Expecting the Unexpected in Elixir
What can a 50 year old cryptic error message teach us about the software we write today?
Apollo 11's Saturn V rocket on the launchpad at the Kennedy Space Center. 1 July 1969. Photo: NASA
Cross-posted from Medium
On July 24, 1969 Neil Armstrong and Buzz Aldrin were attempting to land on the moon for the first time in human history. As you might expect it was a tense situation. Of course it was just then that they got what every computer user hates to get… a cryptic error code:
Neil Armstrong: PROGRAM ALARM.
Mission Control: It’s looking good to us. Over.
Neil Armstrong: It’s a 1202.
Buzz Aldrin: 1202.
(14 seconds later…)
Neil Armstrong: Give us a reading on the 1202 PROGRAM ALARM.
Mission Control: Roger. We got — We’re GO on that alarm
Source: Apollo 11 — Technical Air-To-Ground Voice Transcription
Unhelpfully, the error (along with a related 1201 error) continued to pop up in the minutes before landing as Armstrong focused on piloting. As they finally touched down the error was forgotten and they prepared to take their giant leap for mankind. But what was the mysterious error?
Expecting the Unexpected
Some months back I wanted to give a brief presentation at our local Stockholm Elixir meetup group. As Scenic (a application user interface library) had been recently released it was a perfect opportunity to learn something new while hanging out with other Alchemists. When thinking of what to do with Scenic, I decided that I wanted to integrate with one of my favorite games: Kerbal Space Program. After all, why have only one challenge when you can have two instead?
Kerbal Space Program is a game that gives you a small space center and the opportunity to try rocket science for yourself (be ready for lots of explosions). From the community of its fans we also get the kRPC plugin which allows other programs to interface with the game’s internal APIs using Protocol Buffers. This was just what I needed to implement a Kerbal Space Program dashboard demo.
The Demo Dashboard Interface
As part of the Apollo program, the MIT Instrumentation Laboratory was tasked with designing the Apollo Guidance Computer. For that the team exhaustively tested the computer and the mission programs to make sure there would always be capacity. Fortunately the computer was also designed so that if it did exceed capacity it would restart and pick back up where it left off. The 1202 / 1201 errors were indications of this happening.
While you may never build something as important as the Apollo Guidance Computer, users of your software would prefer that it Just Worked. Fortunately with Elixir we are given the tools which allow us to give our users just as seamless of an experience.

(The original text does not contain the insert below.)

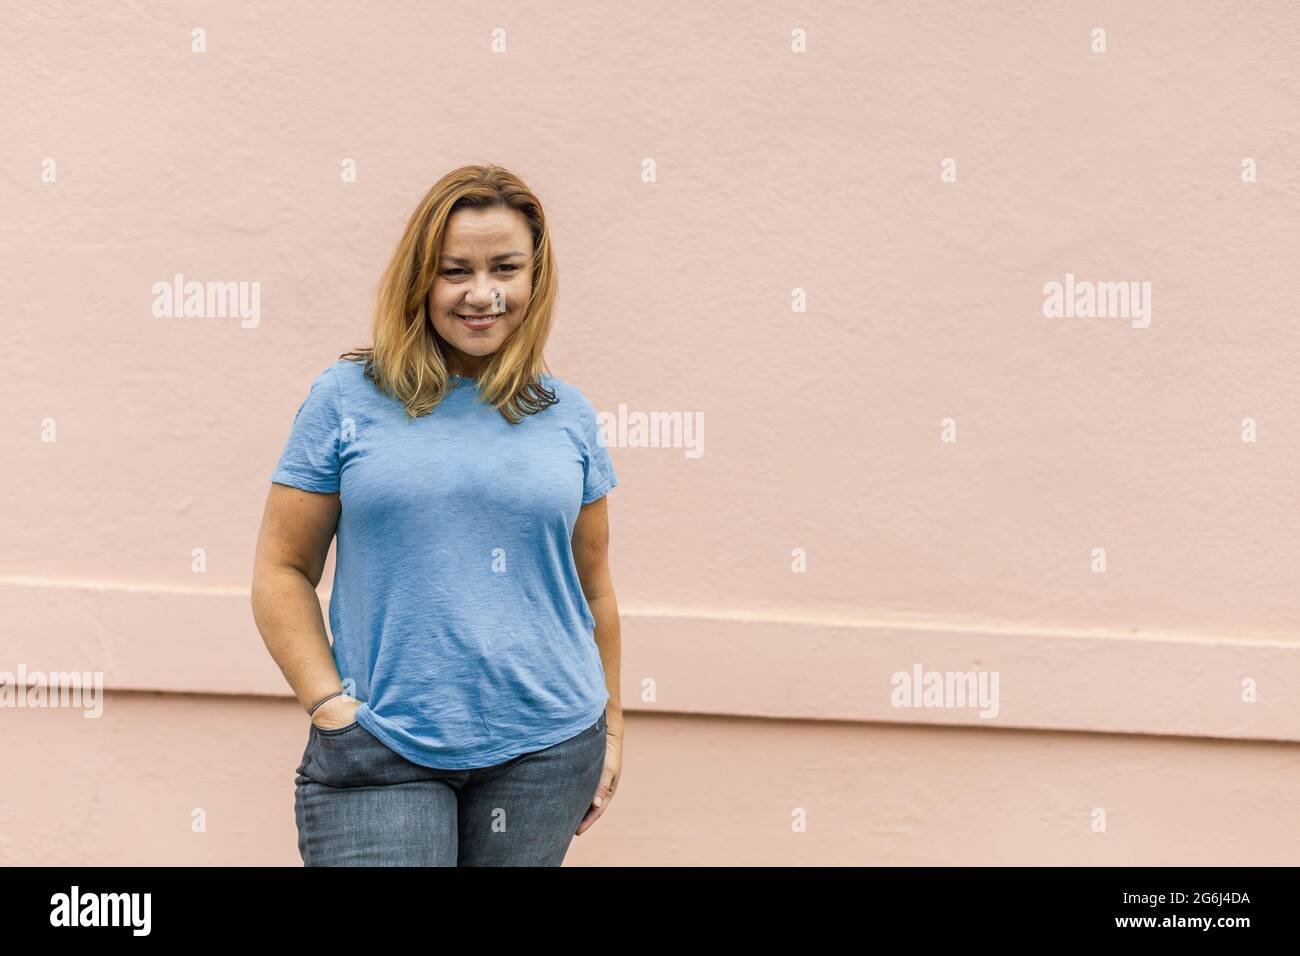 un'immagine completa di una donna in una t-shirt libera la tua mente con jeans Foto Stock
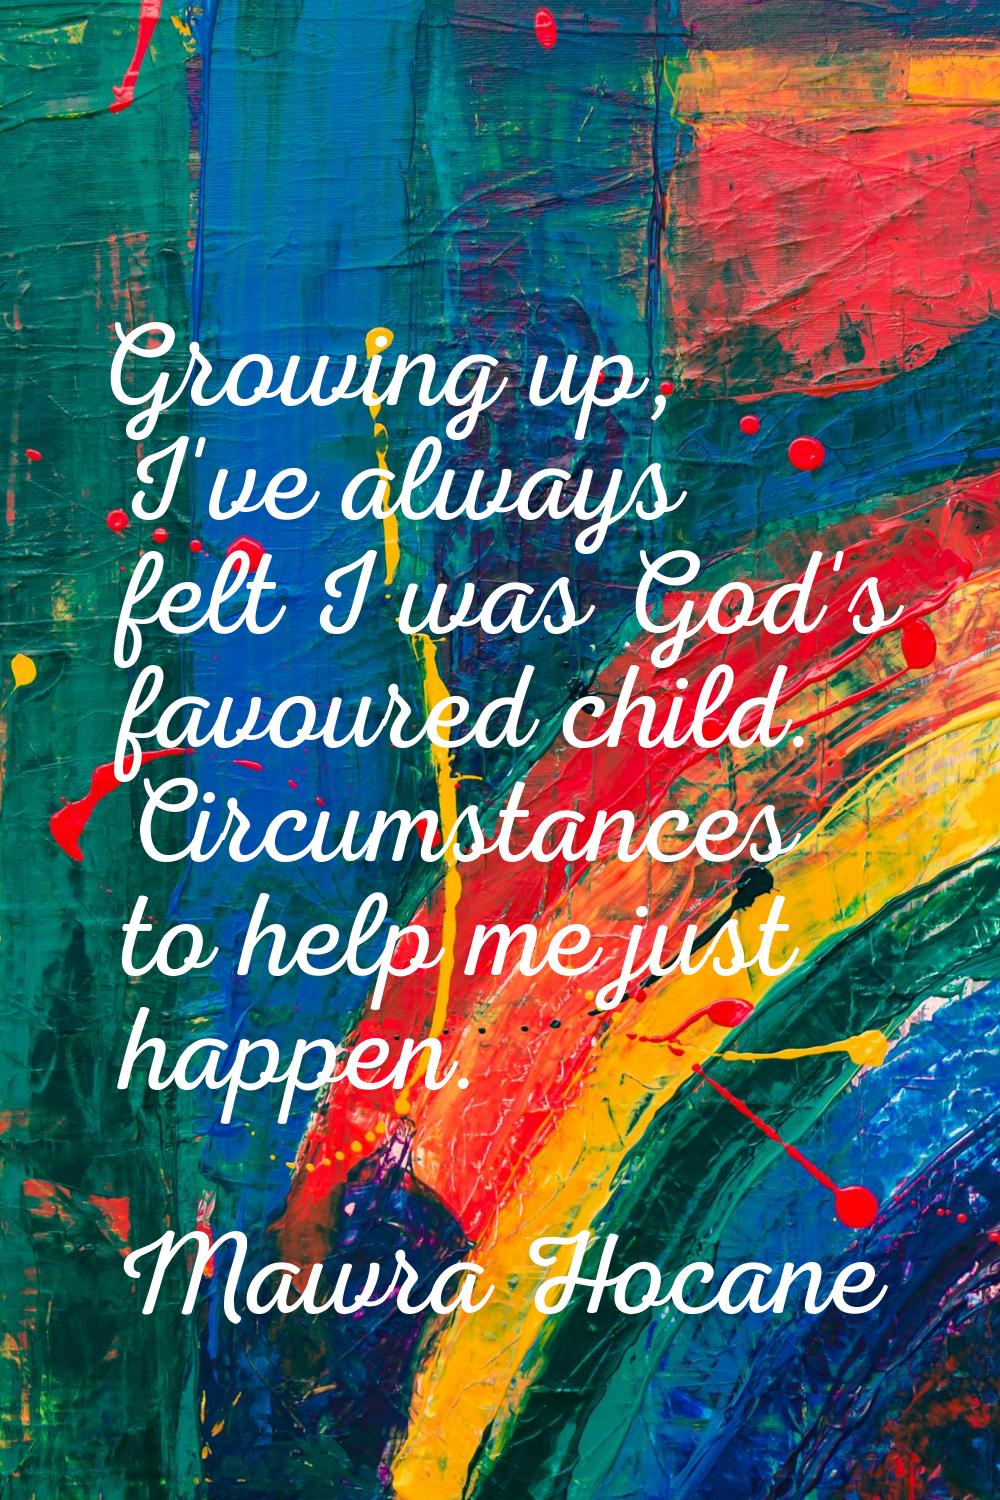 Growing up, I've always felt I was God's favoured child. Circumstances to help me just happen.

In creating my demo I realized that Scenic and Kerbal Space Program would make a great demonstration on how to design for failure in (mock) life-critical situations. Since Scenic uses supervisors for its components it’s designed to fail and recover seamlessly. Perfect to visually demonstrate designing for failure.
Integrating with Scenic and kRPC
When I researched Elixir solutions to work with kRPC I found the jooce project. This project had some good example code which I looked through, though when I tried running the code it didn’t work. After quite a lot of struggling I found that it seemed to have been designed for an older version of the kRPC plugin. Because of this I ended up building my own (very simple) interface using exprotobuf. This worked, more or less, though I needed to use a specific branch of the Erlang gpb (Google Protobuf) library from CraigCottingham’s fork which fixed a bug I was experiencing.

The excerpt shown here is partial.